Proving boolean expression

97 views Asked by At
>>> import z3  
>>> X = z3.BitVec('X', 32)  
>>> z3.prove( X^18 == ((X|(~44)) & (X^62)) + (X&44) )  
proved  

x^18 is equivalent to ((x|(~44))&(x^62))+(x&44) ??

How could this be possible?
I want to know detailed information about proving this formula...

1

There are 1 answers

0
Axel Kemper On BEST ANSWER

You could display the (intermediate) bit vectors as symbolic sets of 8 bits each:

| X                       |   x7 |   x6 |   x5 |   x4 |   x3 |   x2 |   x1 |   x0  |
| 44                      |    0 |    0 |    1 |    0 |    1 |    1 |    0 |    0  |
| ~44                     |    1 |    1 |    0 |    1 |    0 |    0 |    1 |    1  |
| X|(~44)                 |    1 |    1 |   x5 |    1 |   x3 |   x2 |    1 |    1  |
| 62                      |    0 |    0 |    1 |    1 |    1 |    1 |    1 |    0  |
| X^62                    |   x7 |   x6 |  !x5 |  !x4 |  !x3 |  !x2 |  !x1 |   x0  |
| (X|(~44))&(X^62)        |   x7 |   x6 |    0 |  !x4 |    0 |    0 |  !x1 |   x0  |
| X&44                    |    0 |    0 |   x5 |    0 |   x3 |   x2 |    0 |    0  |
| (X|(~44))&(X^62)+(X&44) |   x7 |   x6 |   x5 |  !x4 |   x3 |   x2 |  !x1 |   x0  |
| X^18                    |   x7 |   x6 |   x5 |  !x4 |   x3 |   x2 |  !x1 |   x0  |

Six bits would suffice, as 62 can be expressed with six bits.

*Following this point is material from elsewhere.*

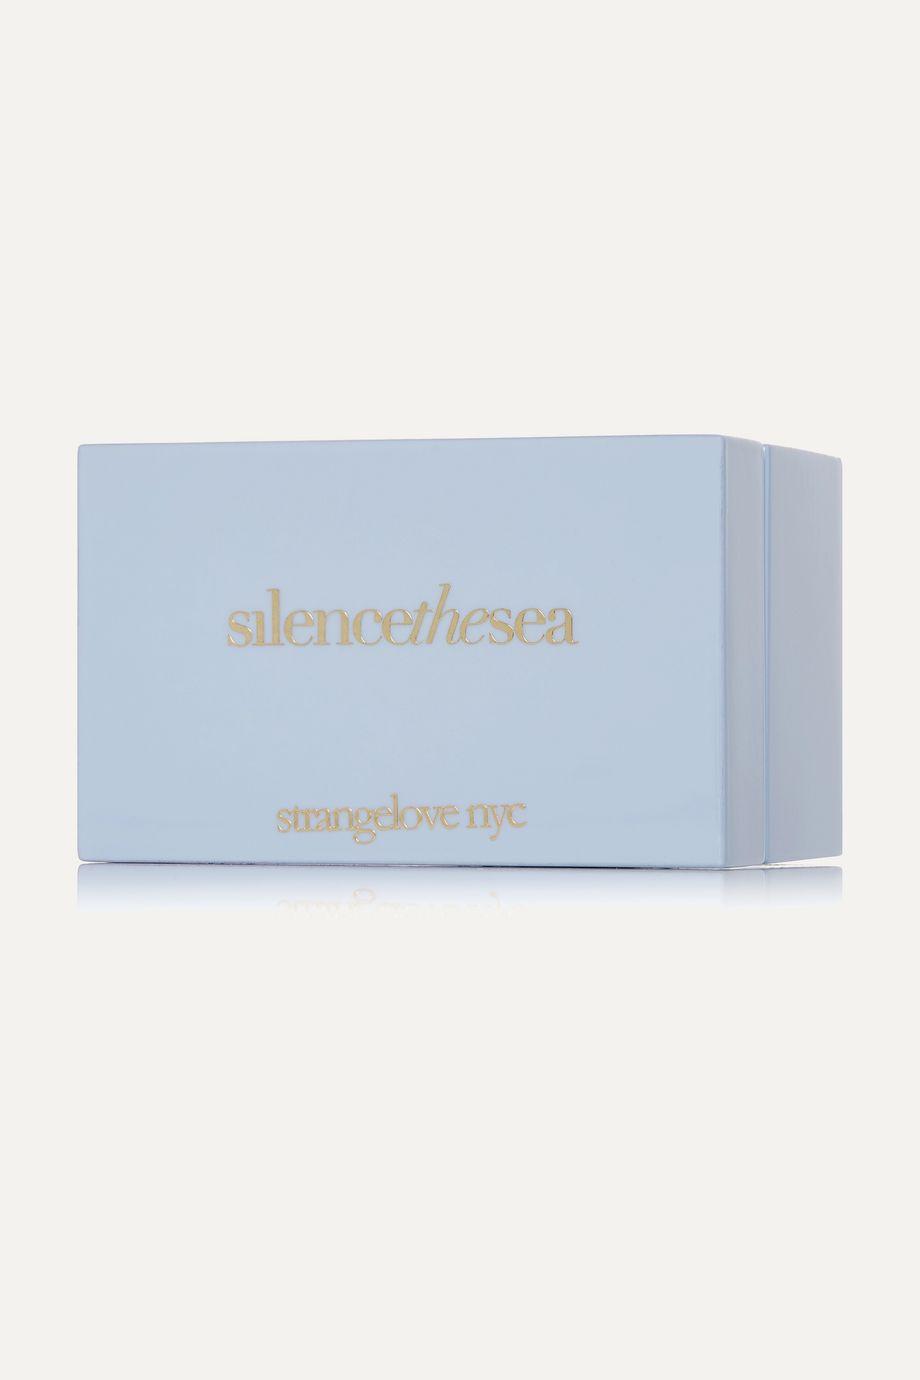 strangelove nyc Perfume Oil Travel Set - silencethesea, 3 x 1.25ml
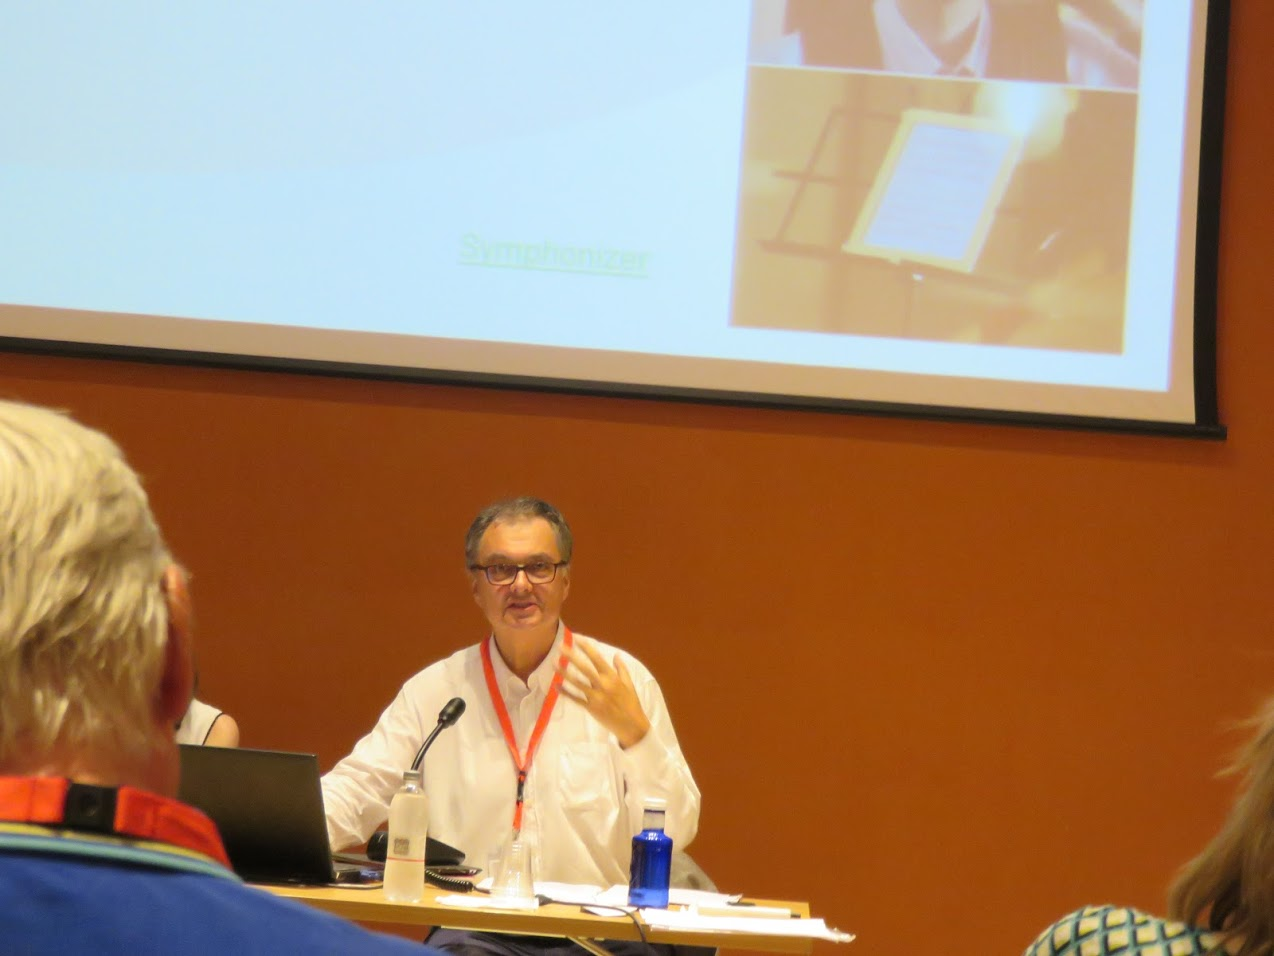 John Valk presentation, photo by Marianna Zsoldos

The addition step cannot produce carry bits, as all corresponding bit pairs have one zero bit each. The other operations only have a bitwise effect. Therefore, one could analyze the equivalence bit position by bit position.

The final two table rows show that the expressions are in fact equivalent.